** Exercise instructions **
What is wanted is every line below from the one with "Процес будівництва Ан-178-100" up to and including the one with "задания на проект", retyped exactly, pictures excluded, nothing else.

** Records shown **
-- -- --

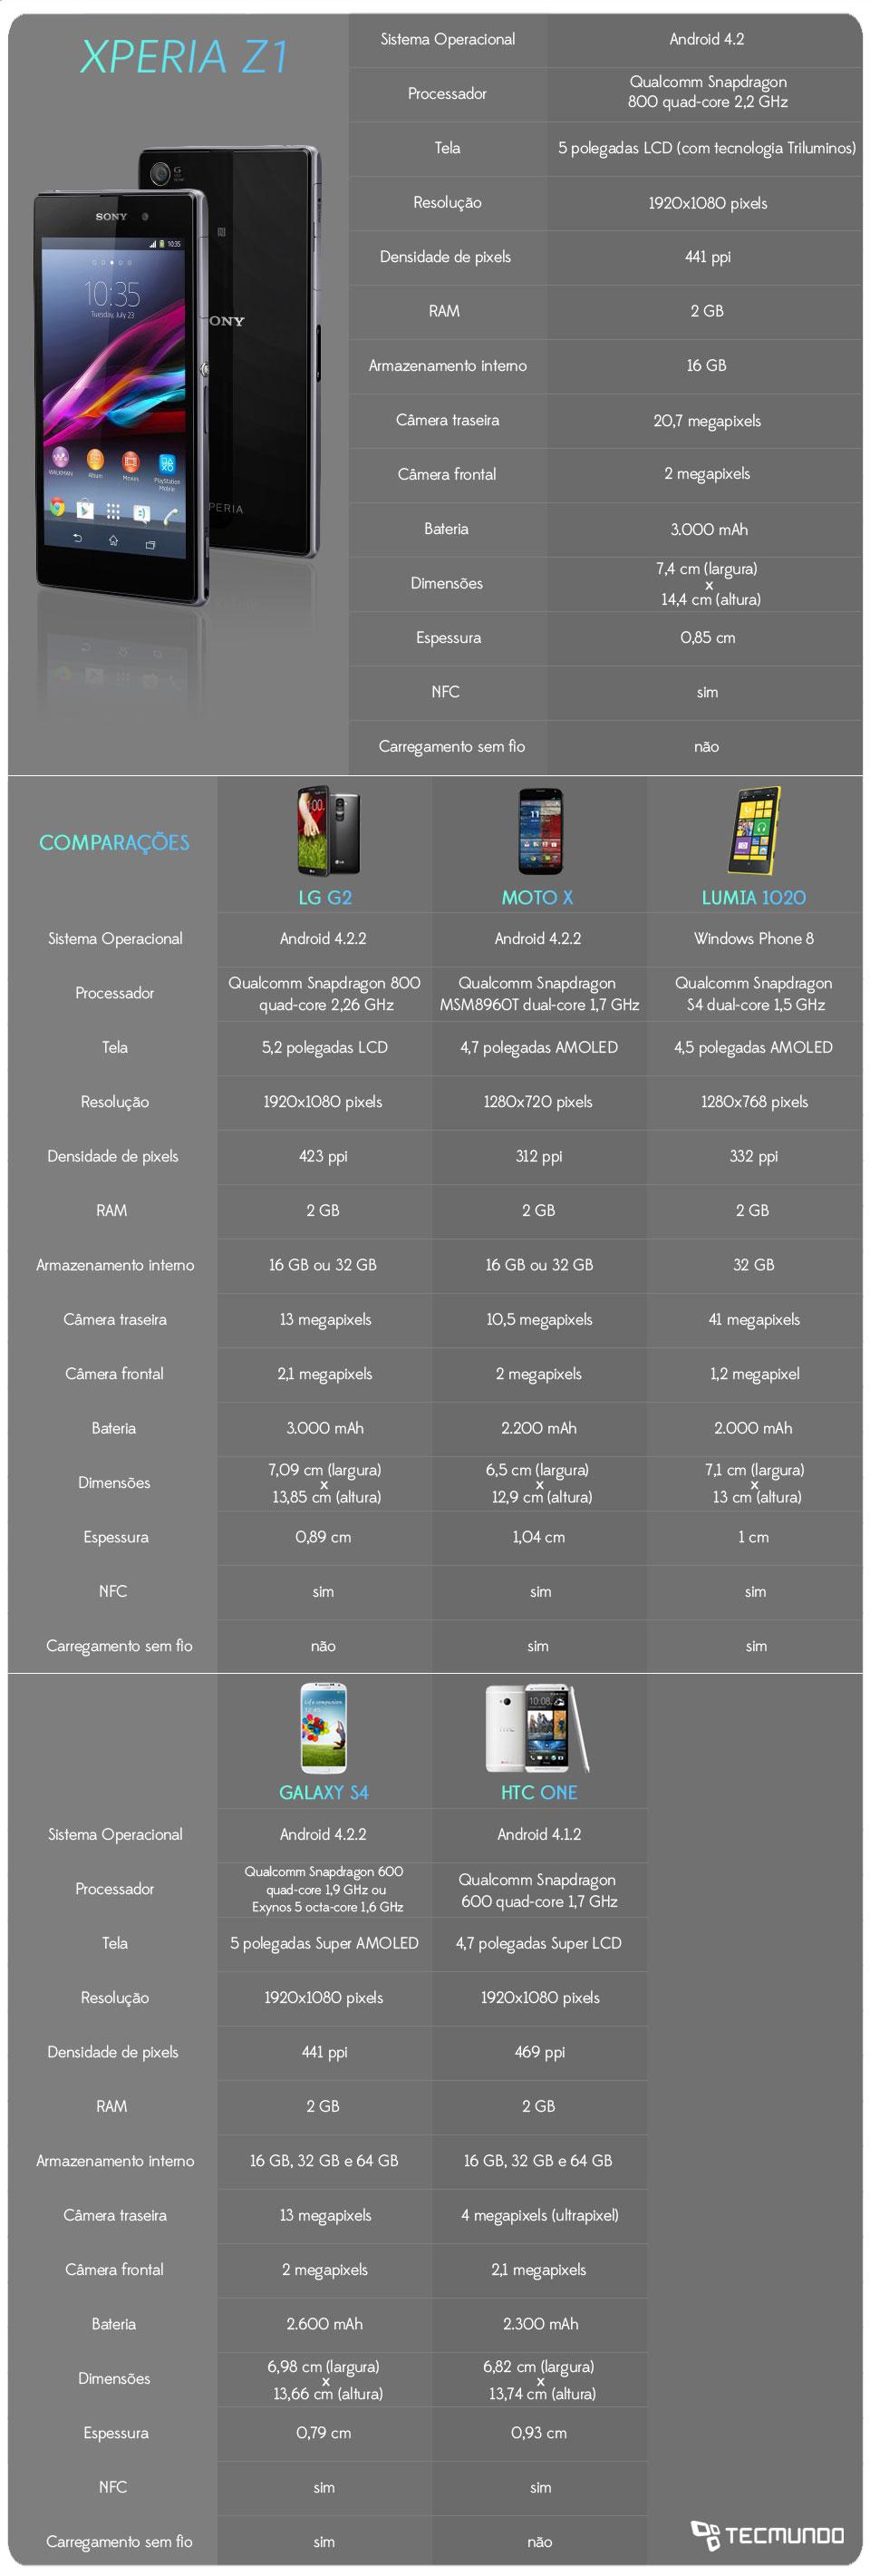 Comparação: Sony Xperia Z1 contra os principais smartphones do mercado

-- -- --

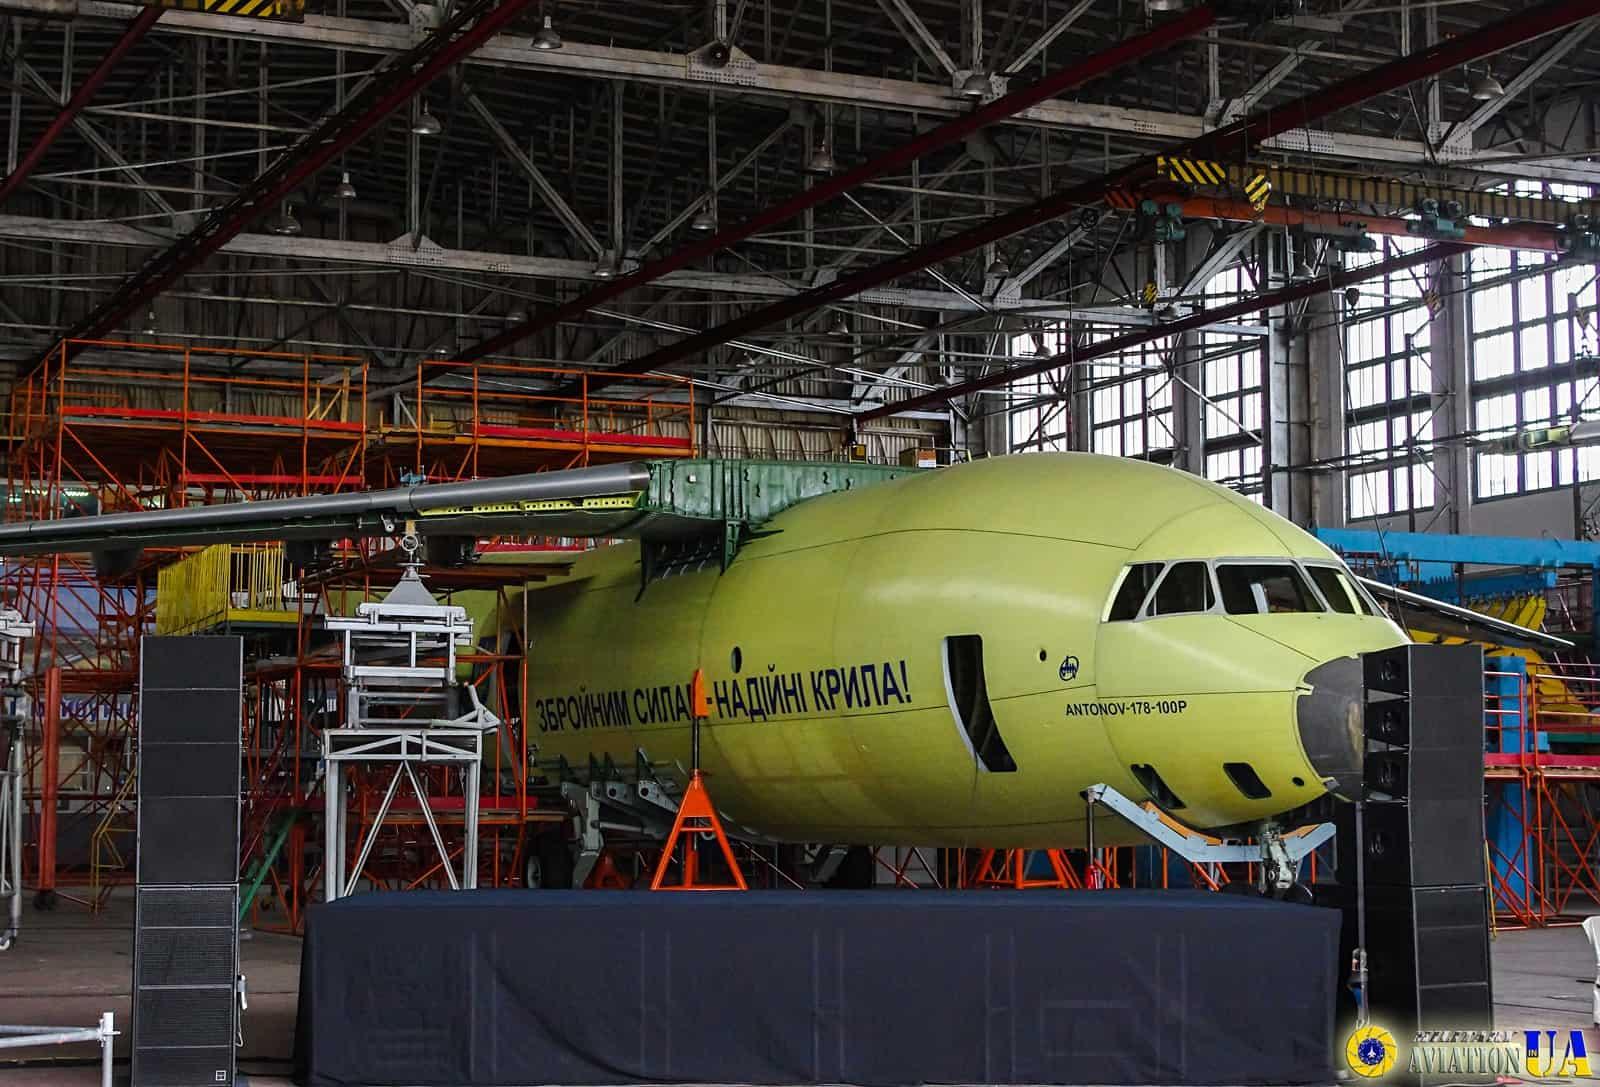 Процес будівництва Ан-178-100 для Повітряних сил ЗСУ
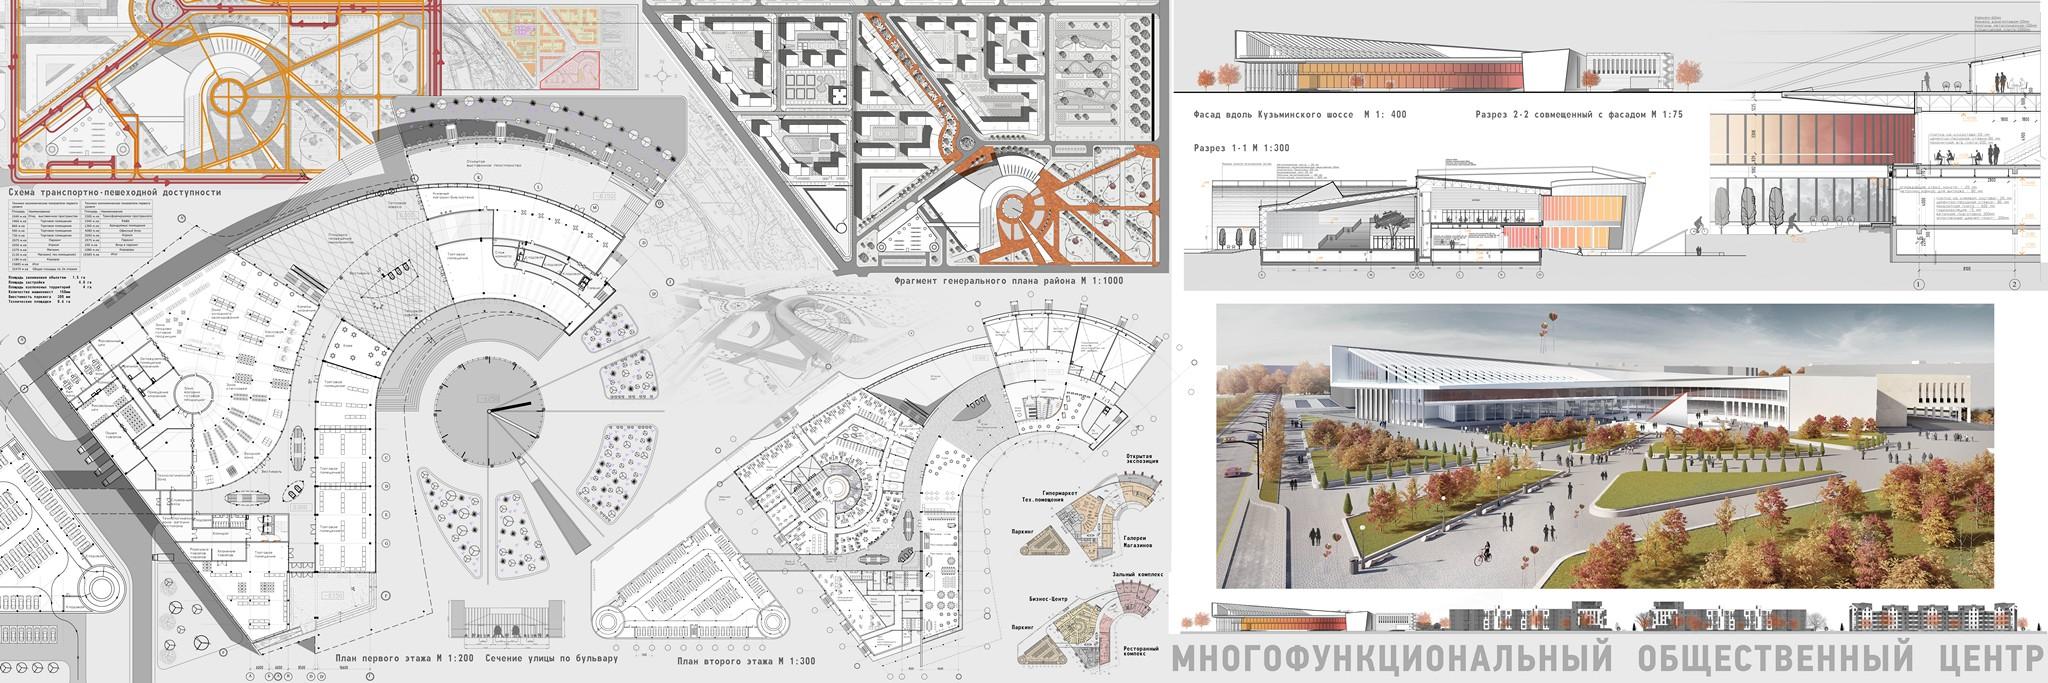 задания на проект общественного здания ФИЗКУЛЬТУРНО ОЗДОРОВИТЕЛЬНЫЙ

-- -- --

** Output for this task **
 Процес будівництва Ан-178-100 для Повітряних сил ЗСУ
 задания на проект общественного здания ФИЗКУЛЬТУРНО ОЗДОРОВИТЕЛЬНЫЙ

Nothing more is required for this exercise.